WORK REQUIRED: A word-for-word reproduction of the data below is needed, with no pictures in it.

DATA:
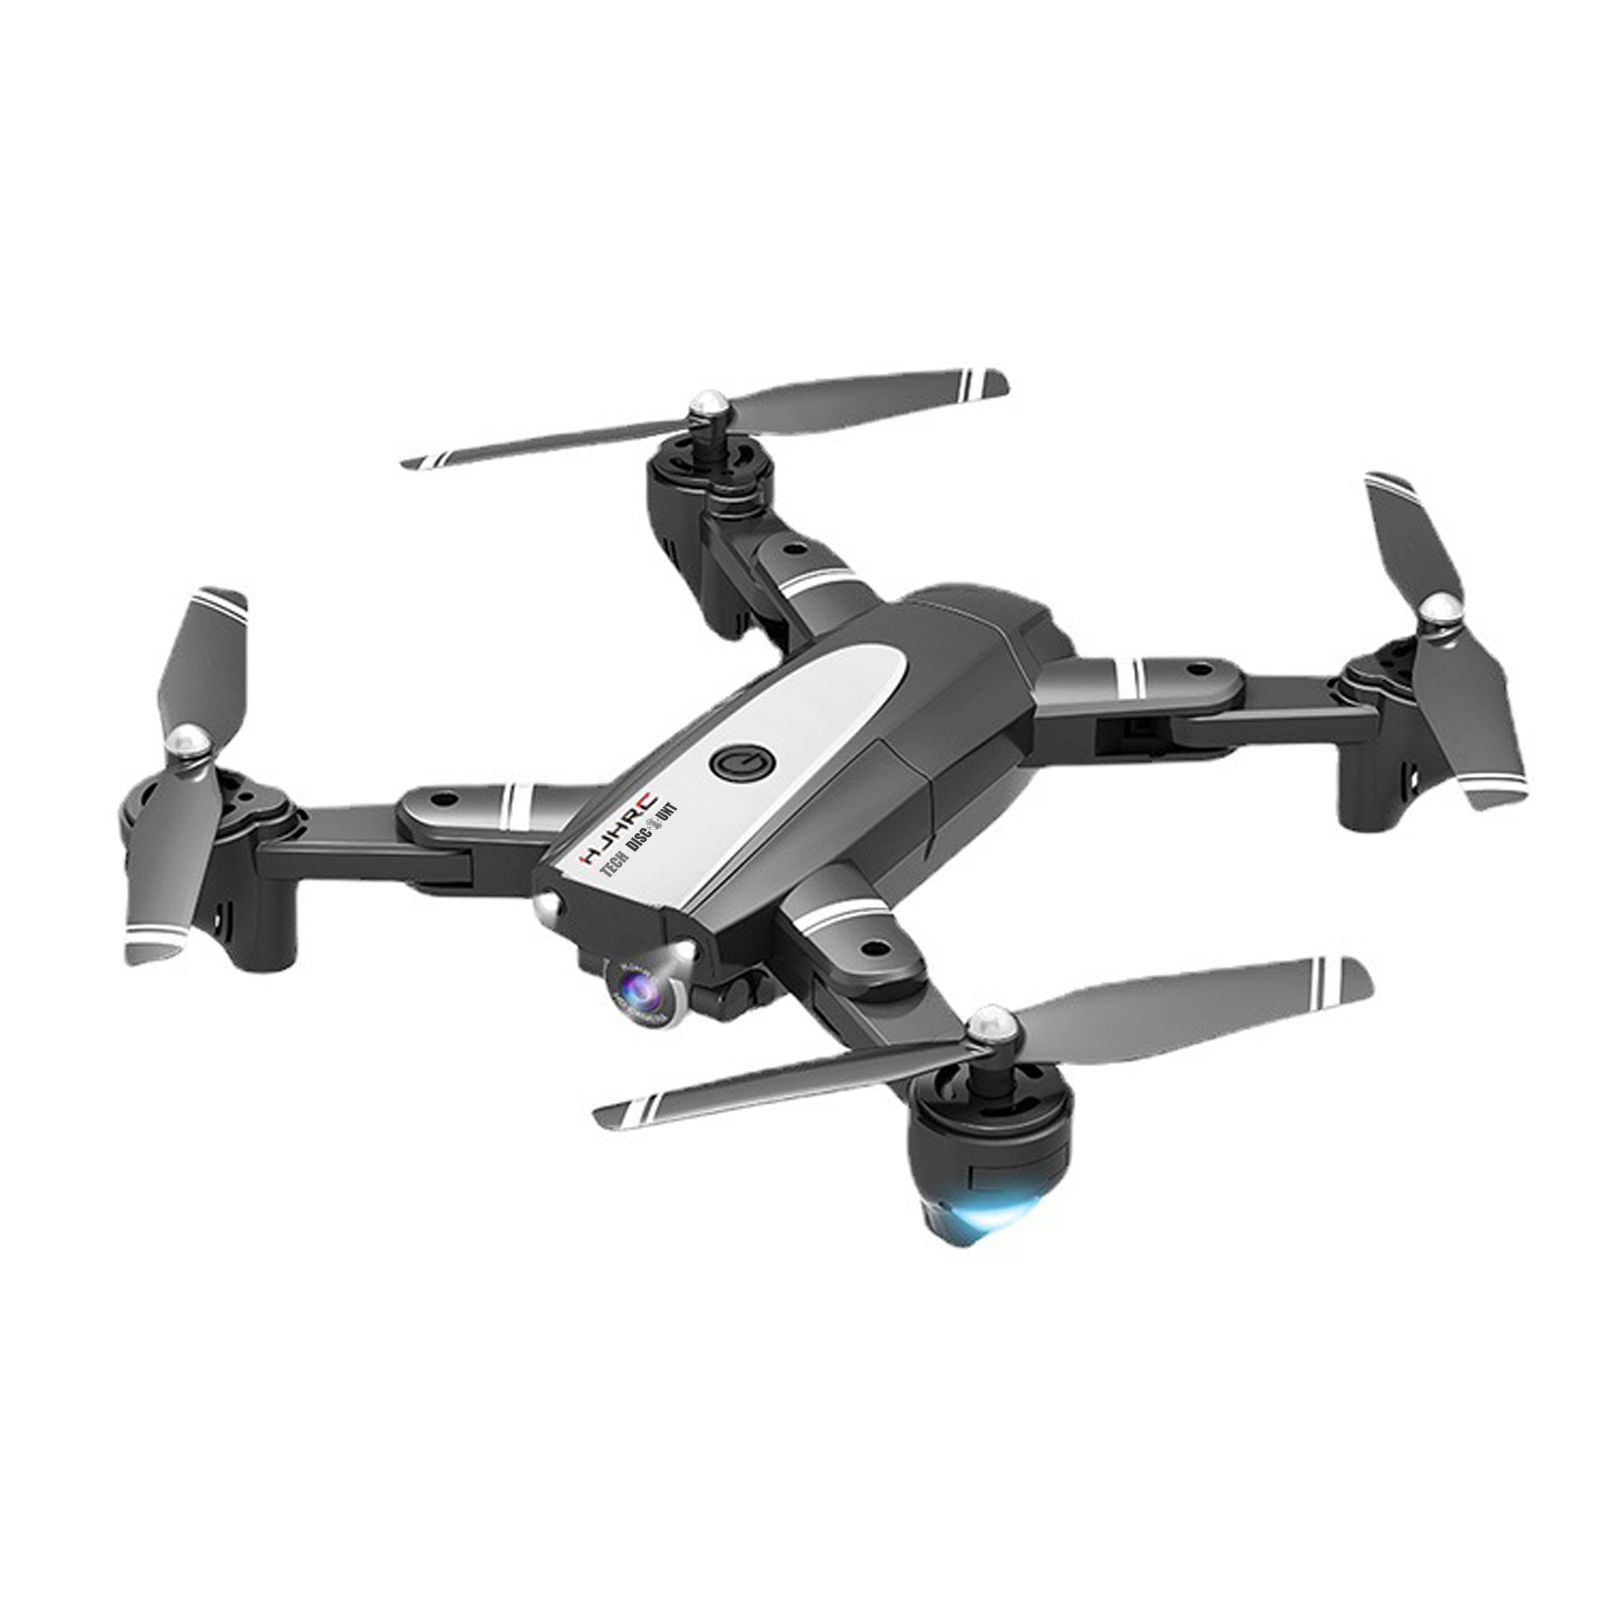 I® Drone 6K HD photographie aerienne quatre axes telecommand
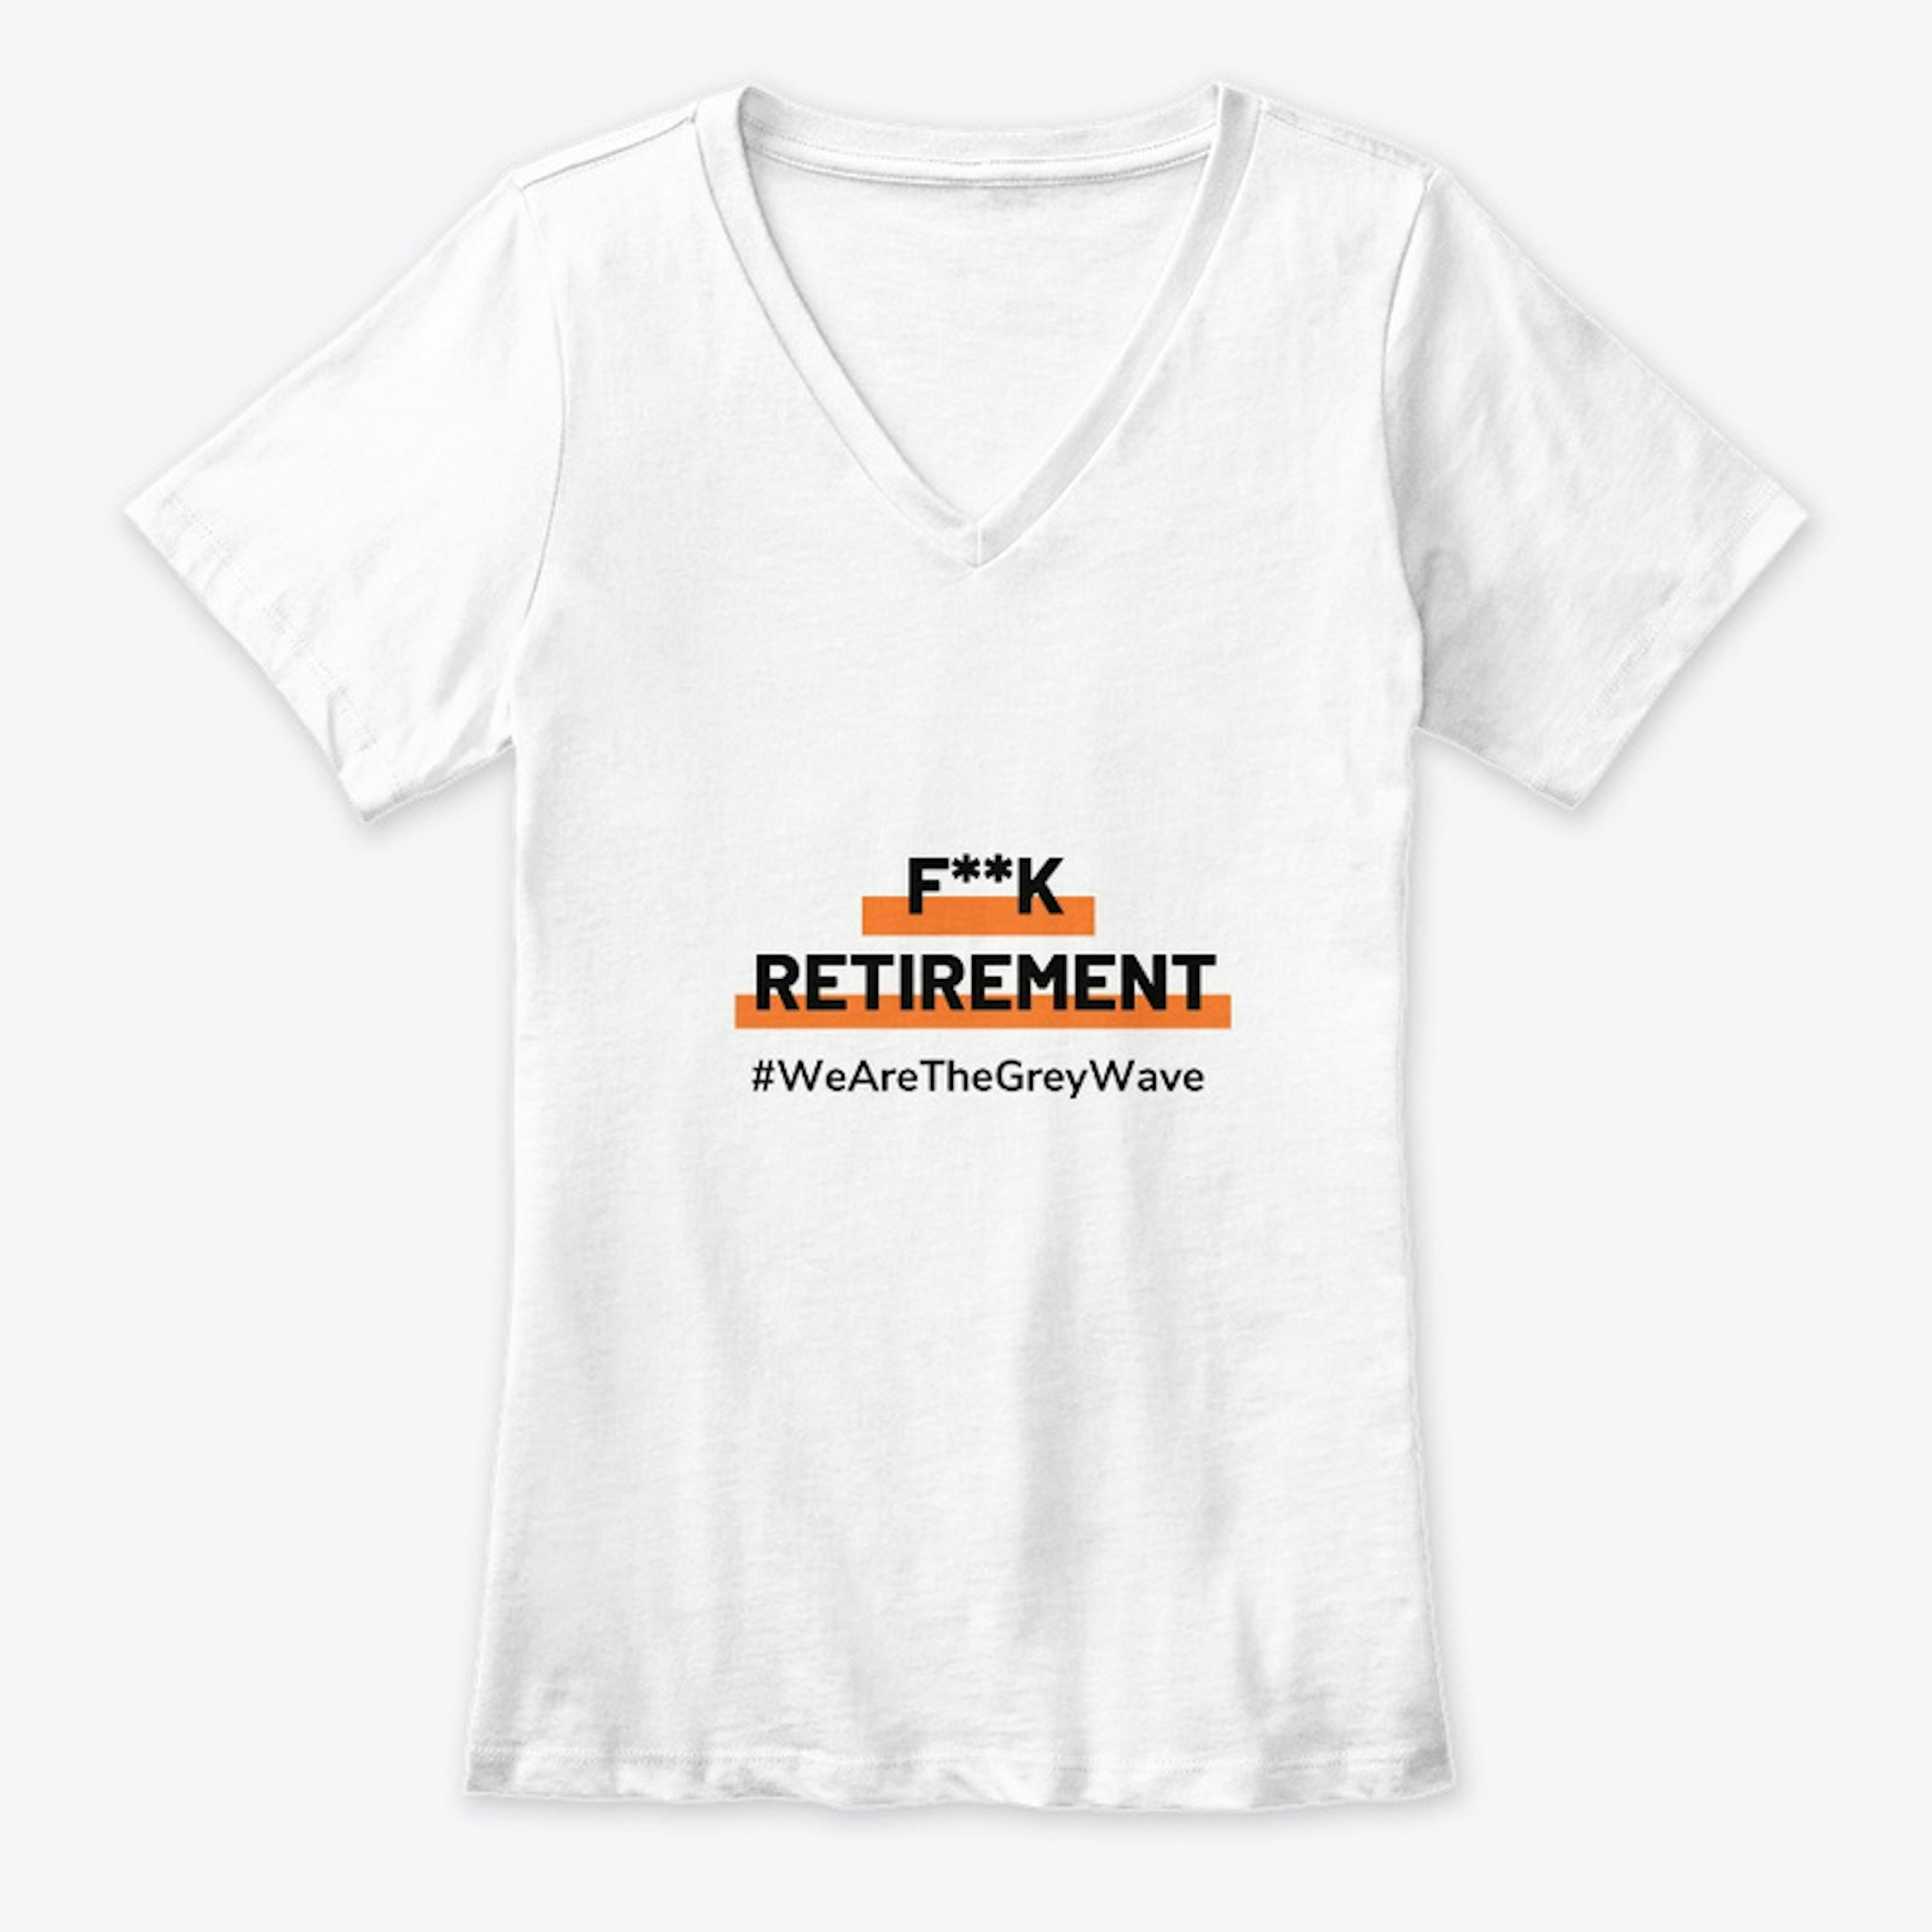 F**k Retirement (Ladies)
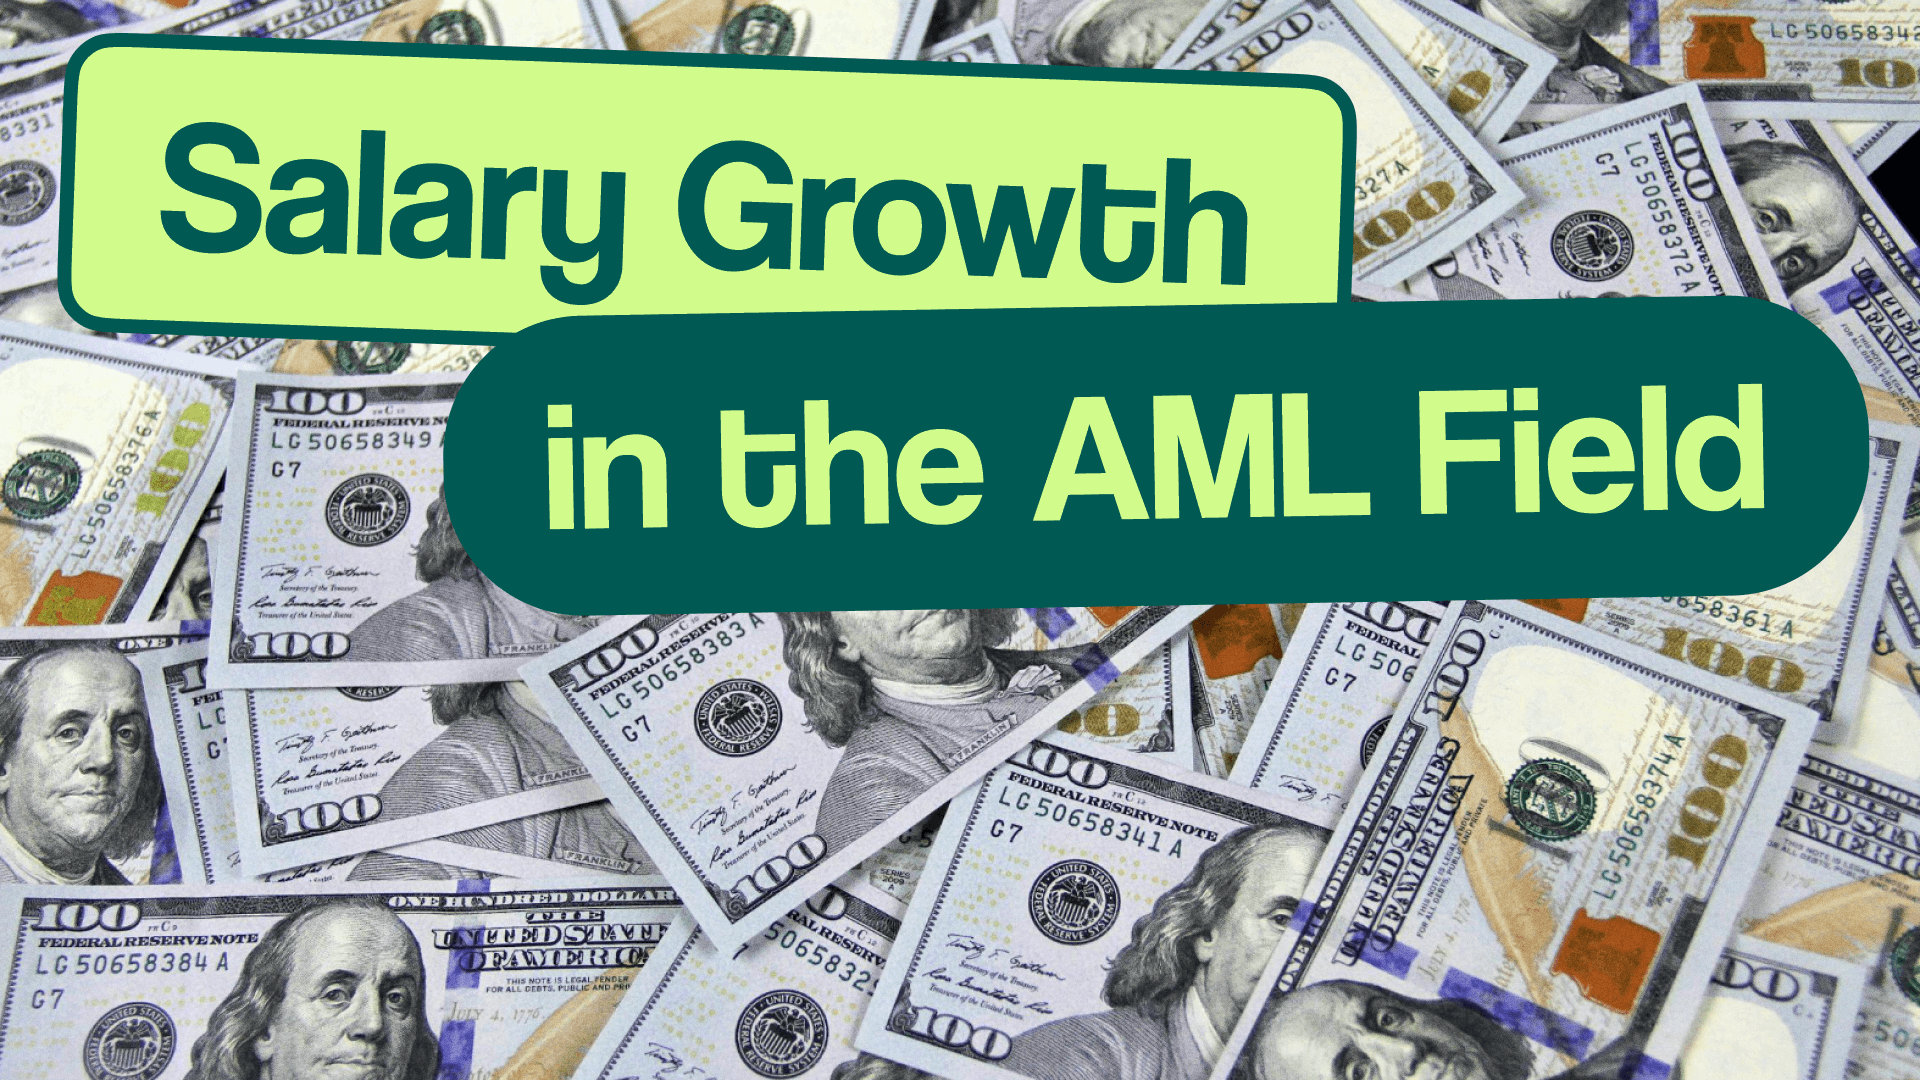 Salary Growth in AML

ANSWER BOX:
 I® Drone 6K HD photographie aerienne quatre axes telecommand
 F**k Retirement (Ladies)
 Salary Growth in AML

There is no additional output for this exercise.